◆ **Exercise**:
Give again, character for character, the lines that lie between the first line of the material and the line with "iSTORYa Studio Workshops Services", inclusive. Omit pictures.

◆ **Dataset content**:
◆ ◆ ◆ ◆ ◆ ◆ ◆
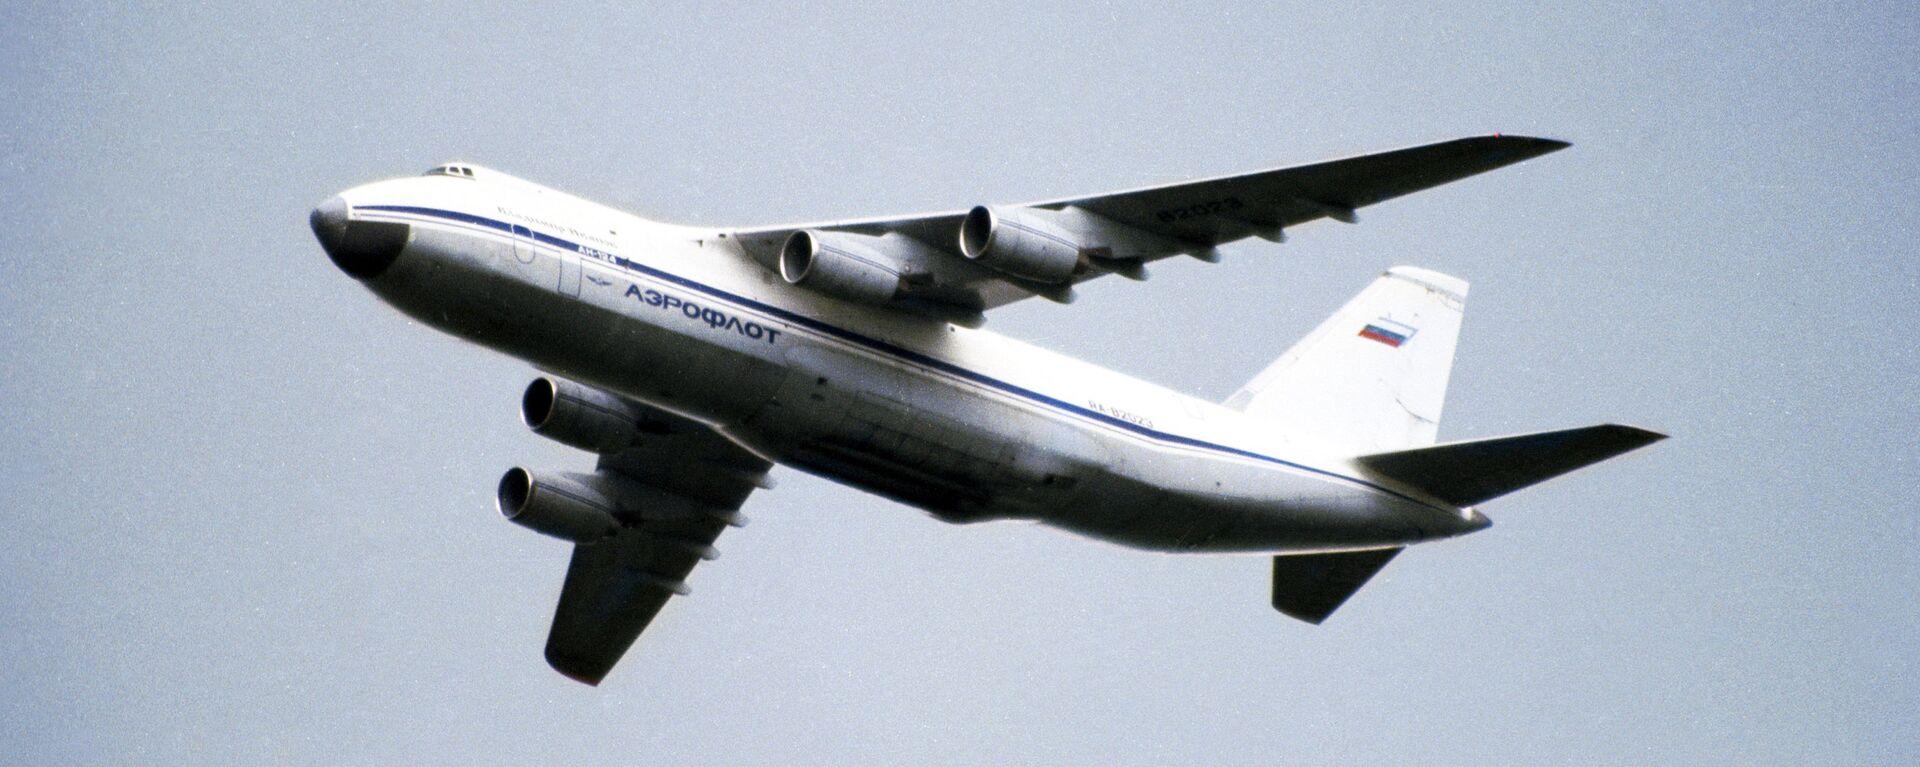 Avión de transporte ruso An-124 Ruslan - Sputnik Mundo, 1920, 26.07.2021
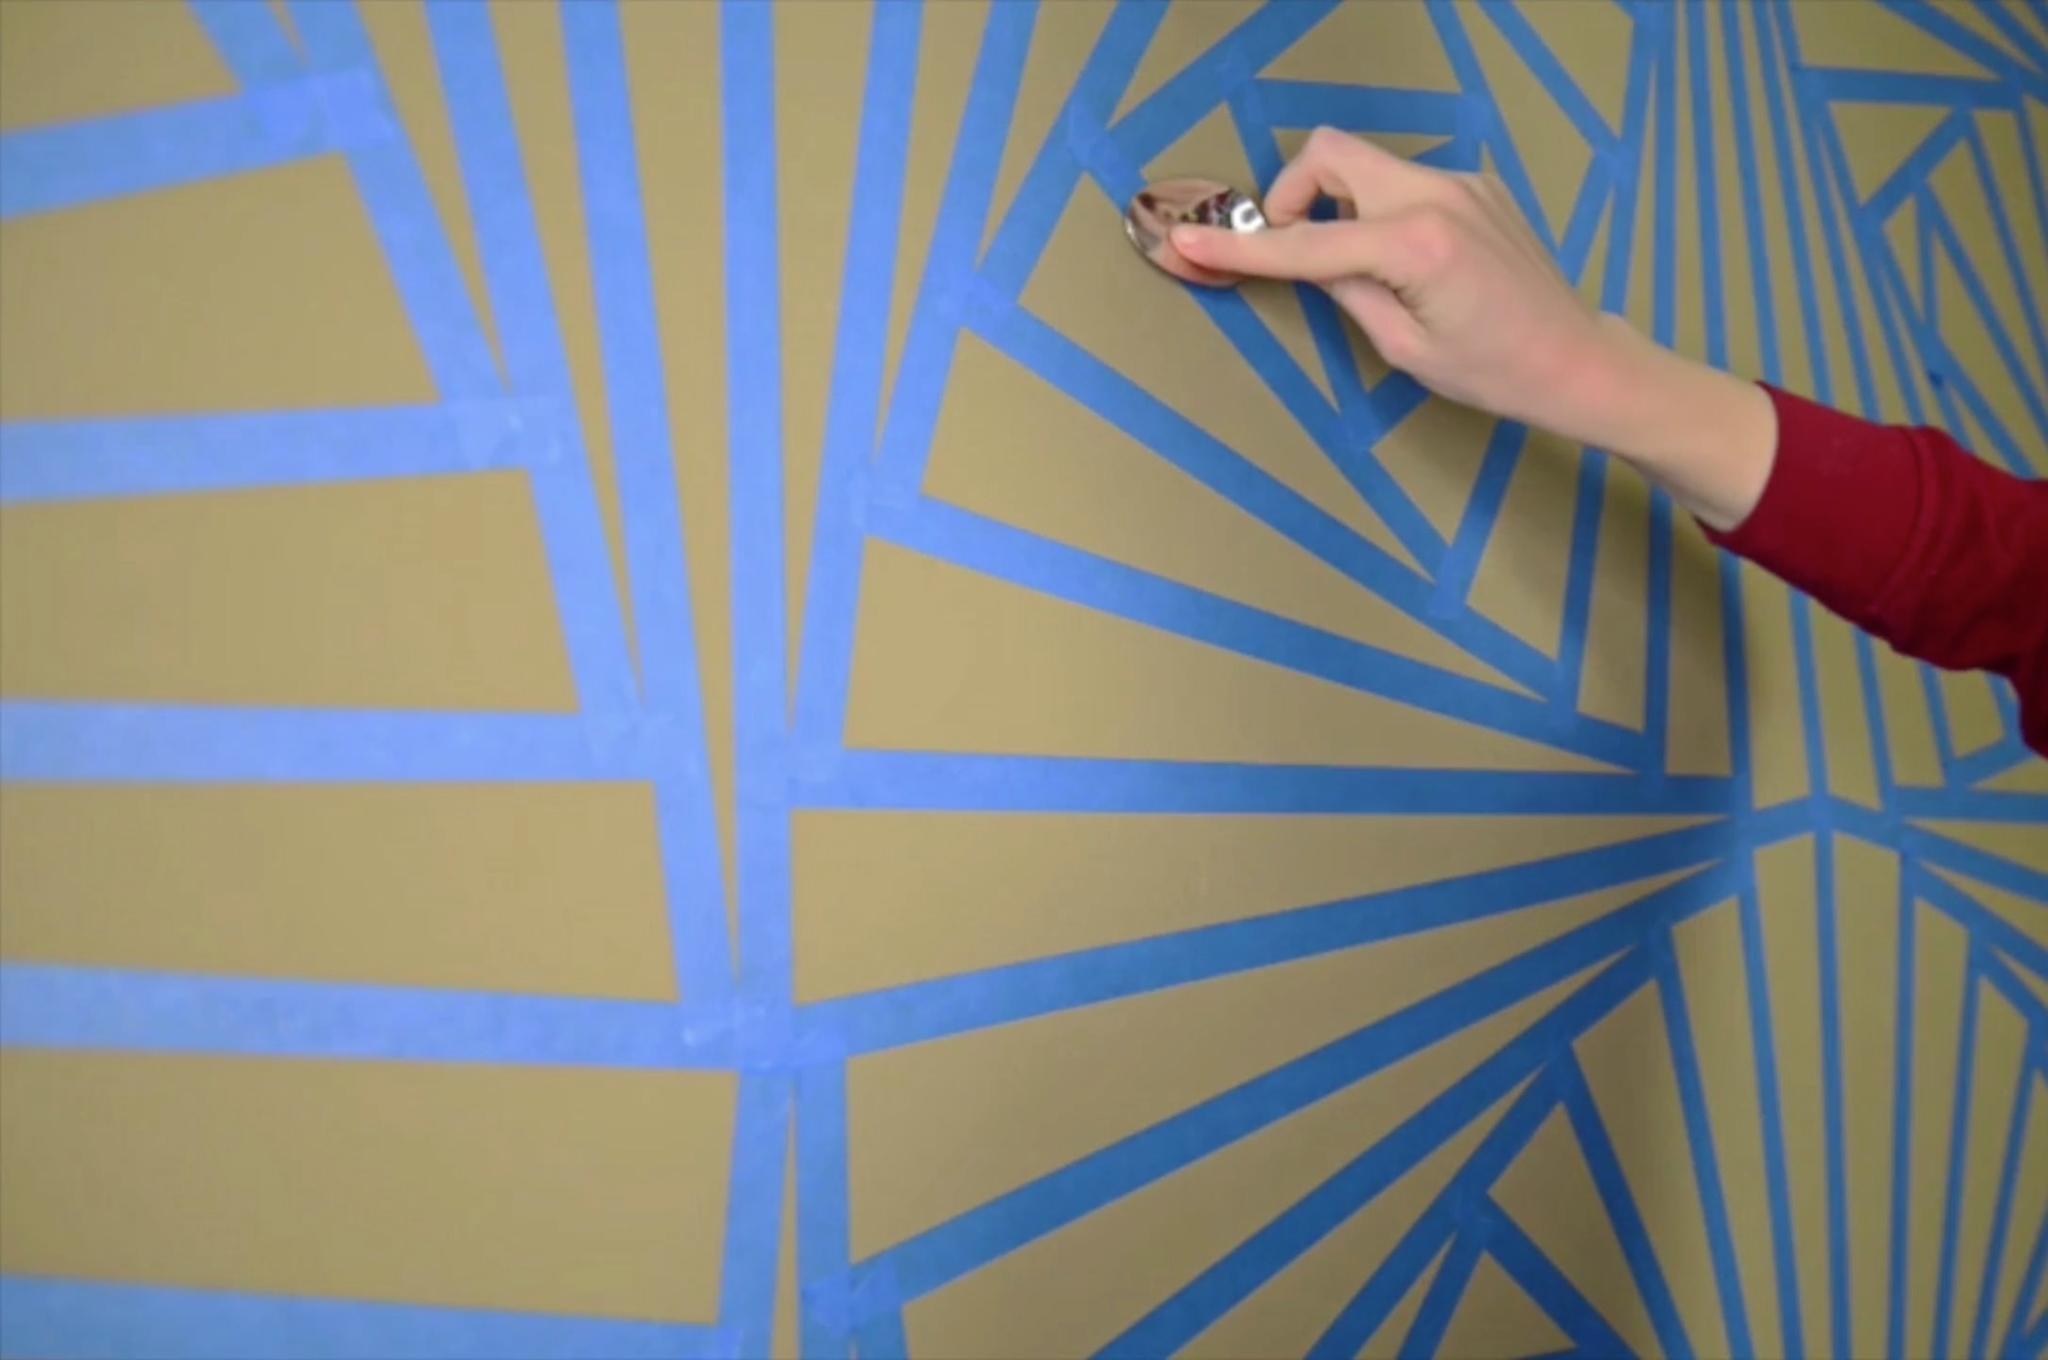 kreative wandbemalung wandbild mit klebeband. Black Bedroom Furniture Sets. Home Design Ideas
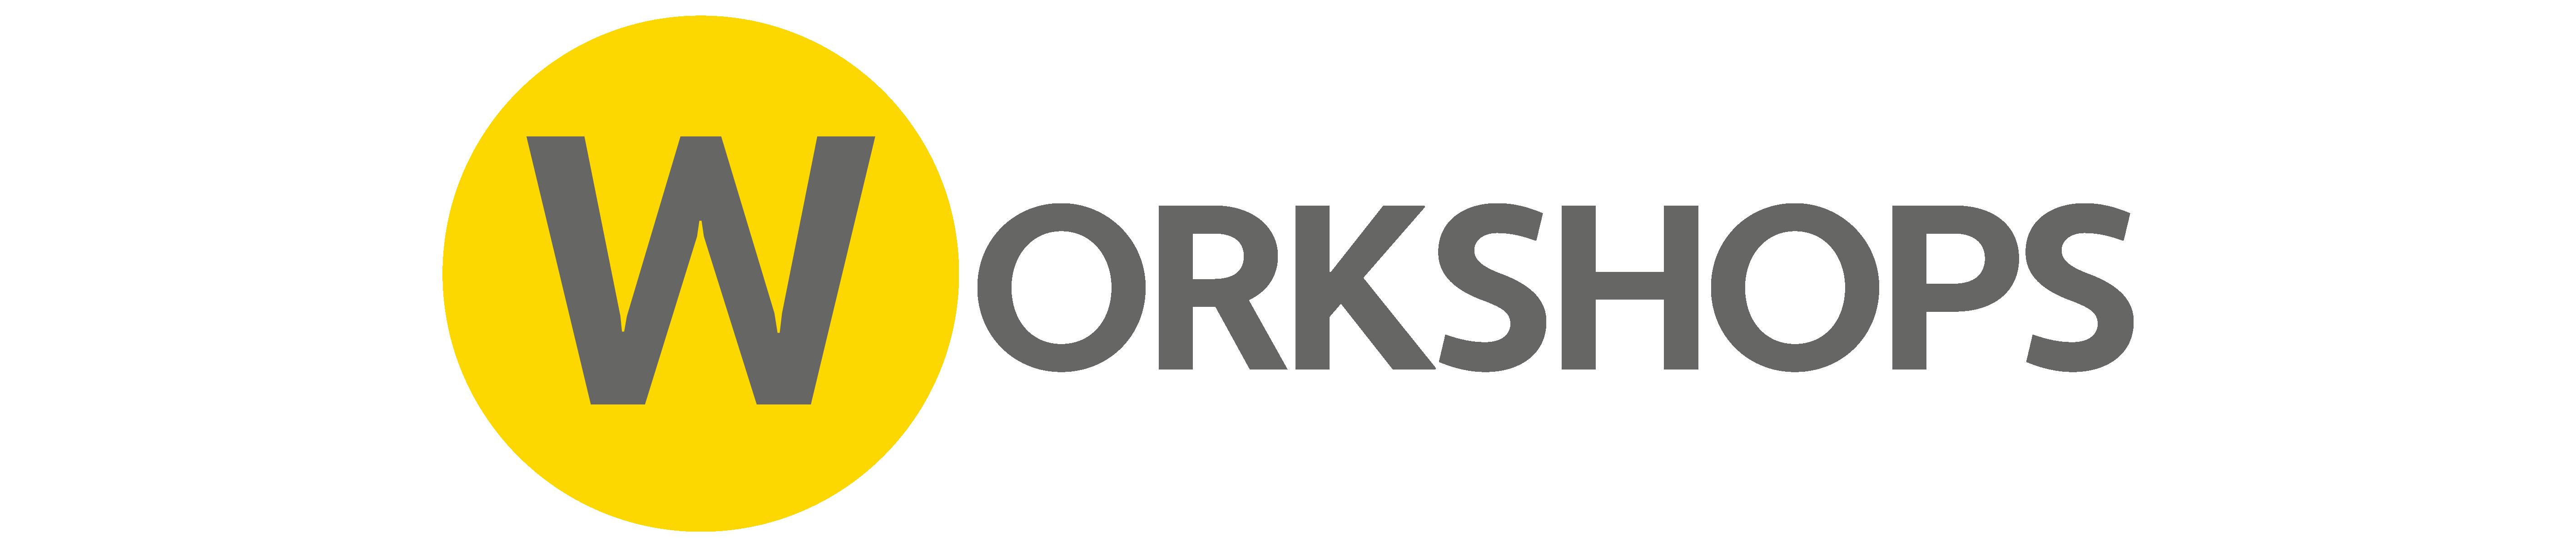 iSTORYa Studio Workshops Services
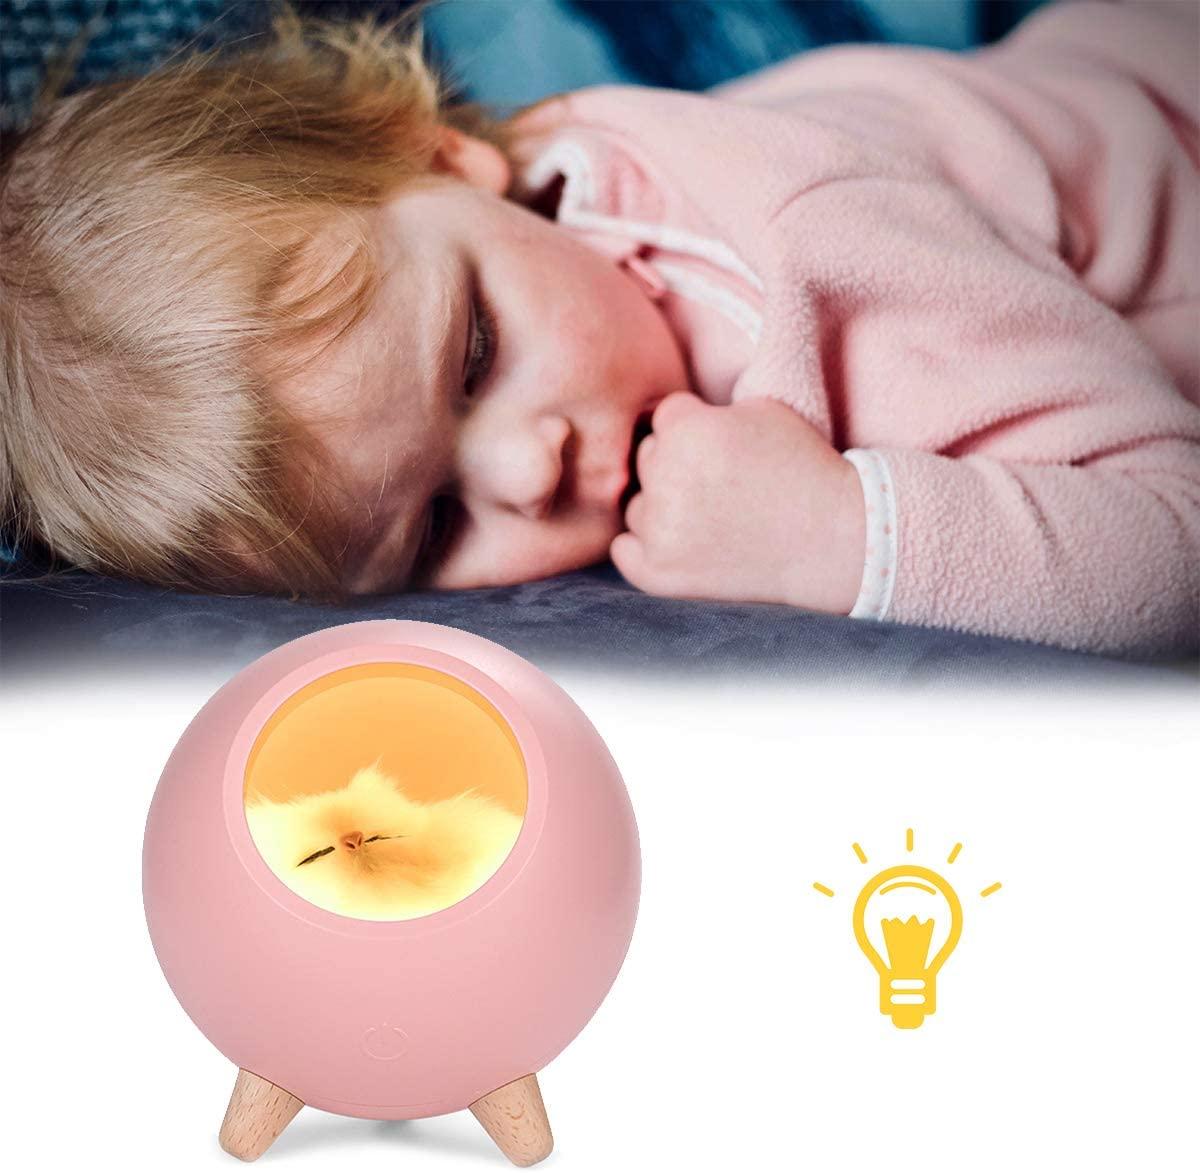 Wallfire Cute Sleeping Cat Night Light Bedroom Light Baby Sleeping Light USB Charging Stepless Dimming Table Bedside Light for Baby/Children/Boy/Girl - Pink
◆ ◆ ◆ ◆ ◆ ◆ ◆
◆ **Your solution**:
 Avión de transporte ruso An-124 Ruslan - Sputnik Mundo, 1920, 26.07.2021
 kreative wandbemalung wandbild mit klebeband. Black Bedroom Furniture Sets. Home Design Ideas
 iSTORYa Studio Workshops Services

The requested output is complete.